Original article shared by Edward Allon
In working with small growing entrepreneurial businesses, I have discovered several common financial related issues with which they struggle. When I first start working with these businesses, most if not all of these issues exist. All of them are critical to their success in managing and growing their businesses. The good news is that with time and focus they can be rectified. In no particular order, here are 5 that I see most:
1. Lack of Timely and Accurate Financial Statements
In today’s business environment, decisions are made at a fast pace. Information is readily available via the Internet, yet internal financial information to improve the decision-making process is sadly deficient. Most business decisions have financial implications, and without this basic financial information, it may be a shot in the dark.

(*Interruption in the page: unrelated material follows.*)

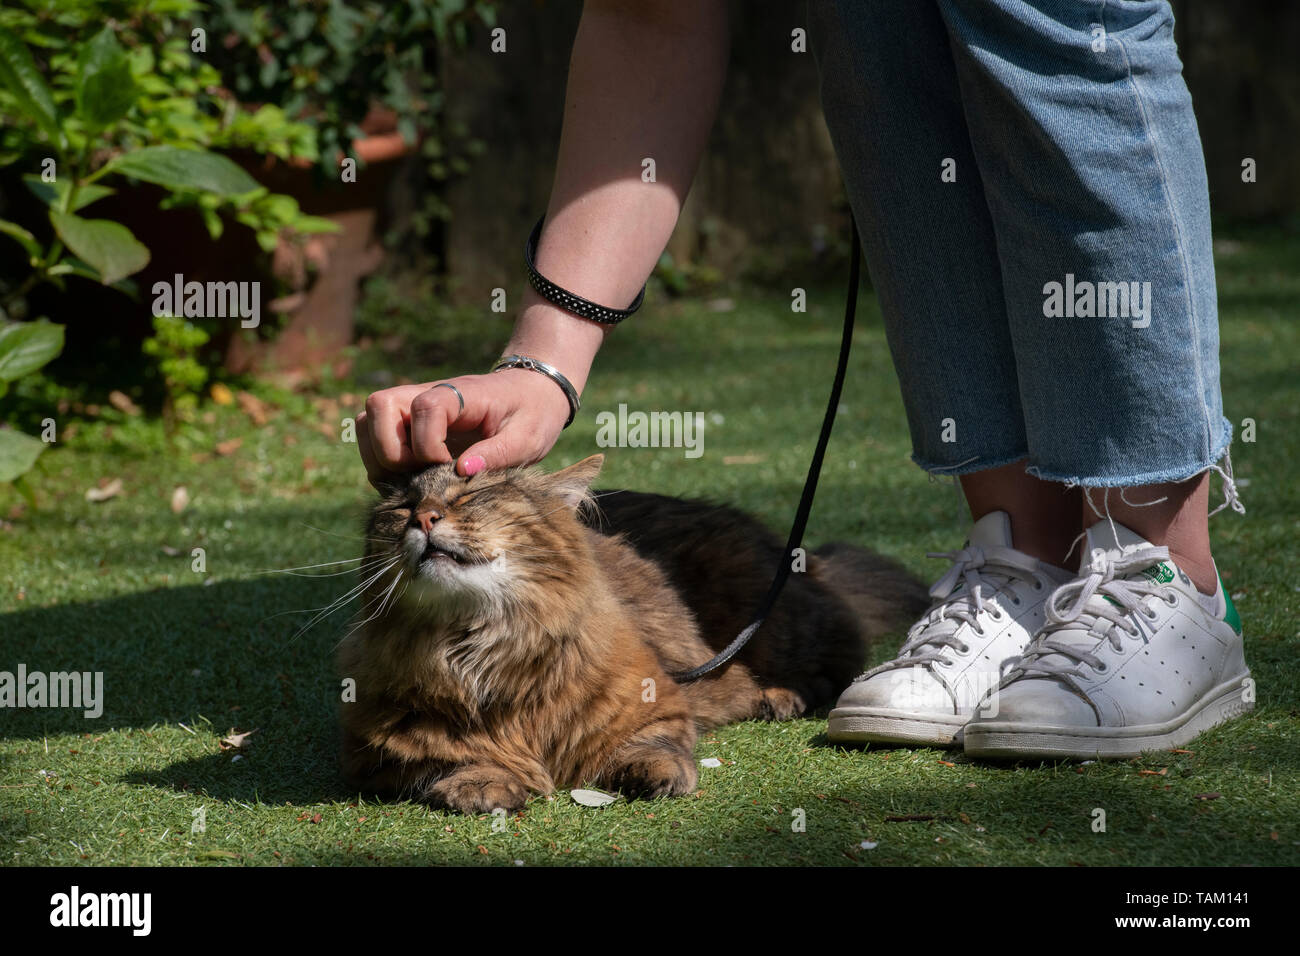 A munchkin cat on a lead is taken for a walk outside by its owner Stock Photo

Many times the financial statements are put in a drawer and never reviewed because the information is too old (not timely), the business owner doesn’t believe the information is correct (not accurate) or the financial statements support the preparation of the income tax return, not running the business (not operational). They usually only become important when the business owner needs to meet with the bank.
2. No Cash Management
As we all know from operating a business, cash is king! It is the common denominator for all businesses NO CASH = NO BUSINESS. Other than the current cash balance (most of the time determined by looking at the bank’s balance) most small businesses don’t manage their cash. Cash management includes understanding your business’s “operating cycle” (i.e. cash to cash cycle). To improve your “operating cycle” it is imperative you understand what it means, how to calculate it, and what influences it before you can improve it. Many times I will ask “what do you expect your cash balance to be in 6 months?” Most of the time they are fighting cash flow problems today and can’t think about the future past this week. Managing cash flow will provide a real sense of control over the business.

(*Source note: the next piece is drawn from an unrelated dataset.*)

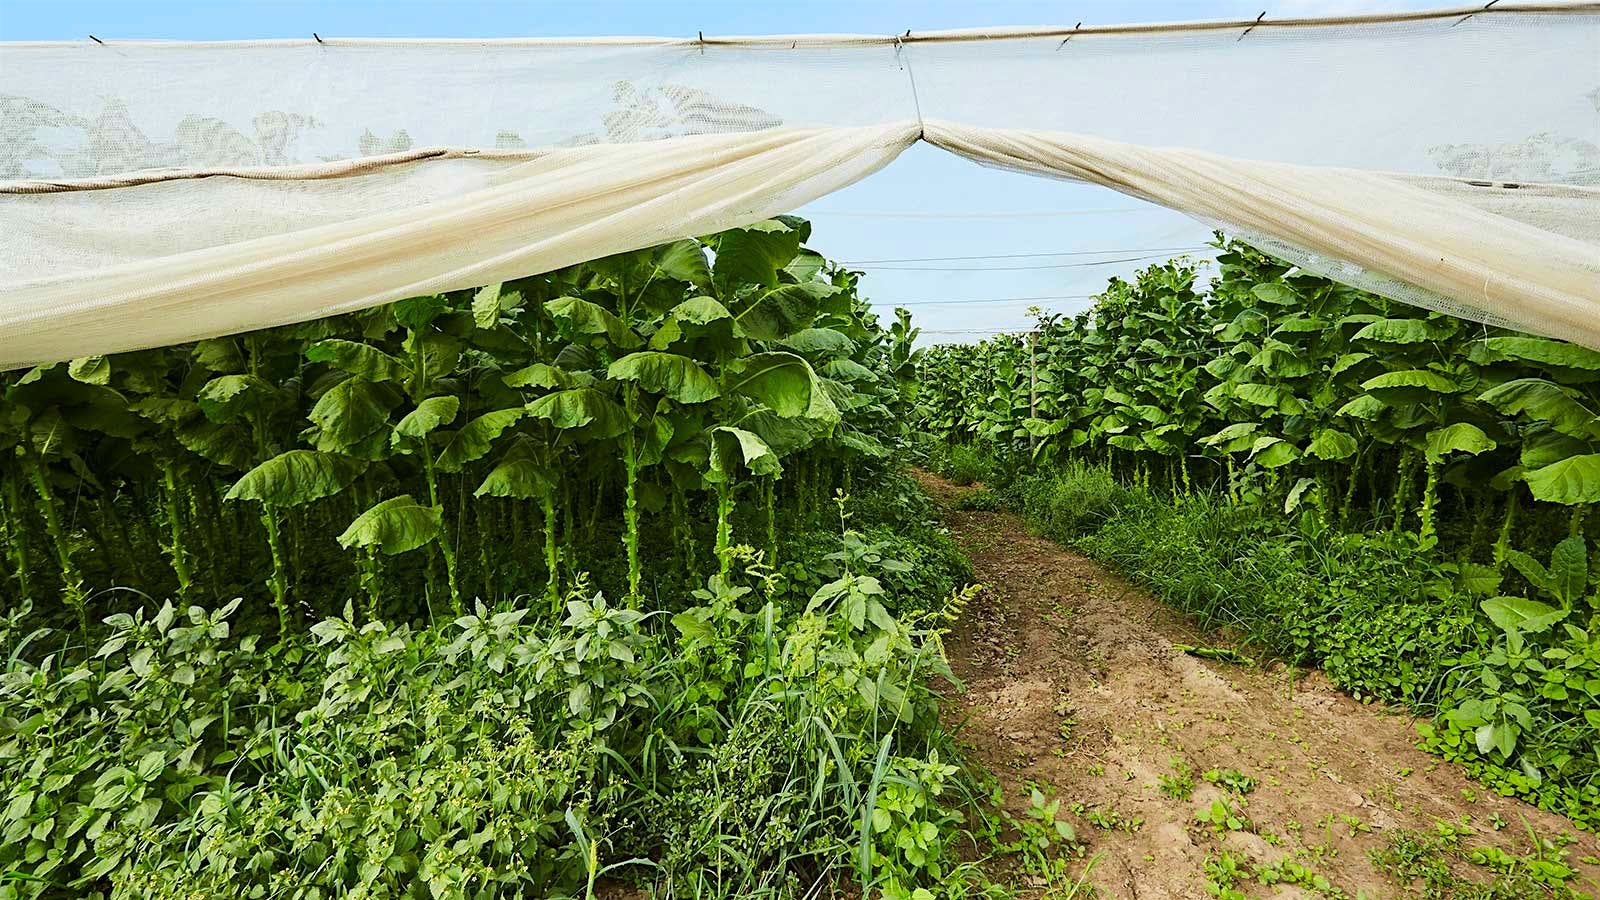 Connecticut Shade is grown under elaborate tents of screen-like netting made of cheesecloth that filter the sun, making for thinner, finer tobacco.

3. Poor Pricing Management
Setting the price of our products or services will drive revenues and just as importantly the “gross margin” for the business. Unfortunately, not enough time and attention is provided to this aspect of business. In working with small business owners, I find many have not revised their “pricing formulas” for some time, while others don’t really know their underlying costs to derive a sales price that provides profit. Many products are market driven because of competition, so it is imperative to know not only the direct costs but all costs necessary to produce a profit. Gross margin analysis by product line, products or customer is critical for small businesses.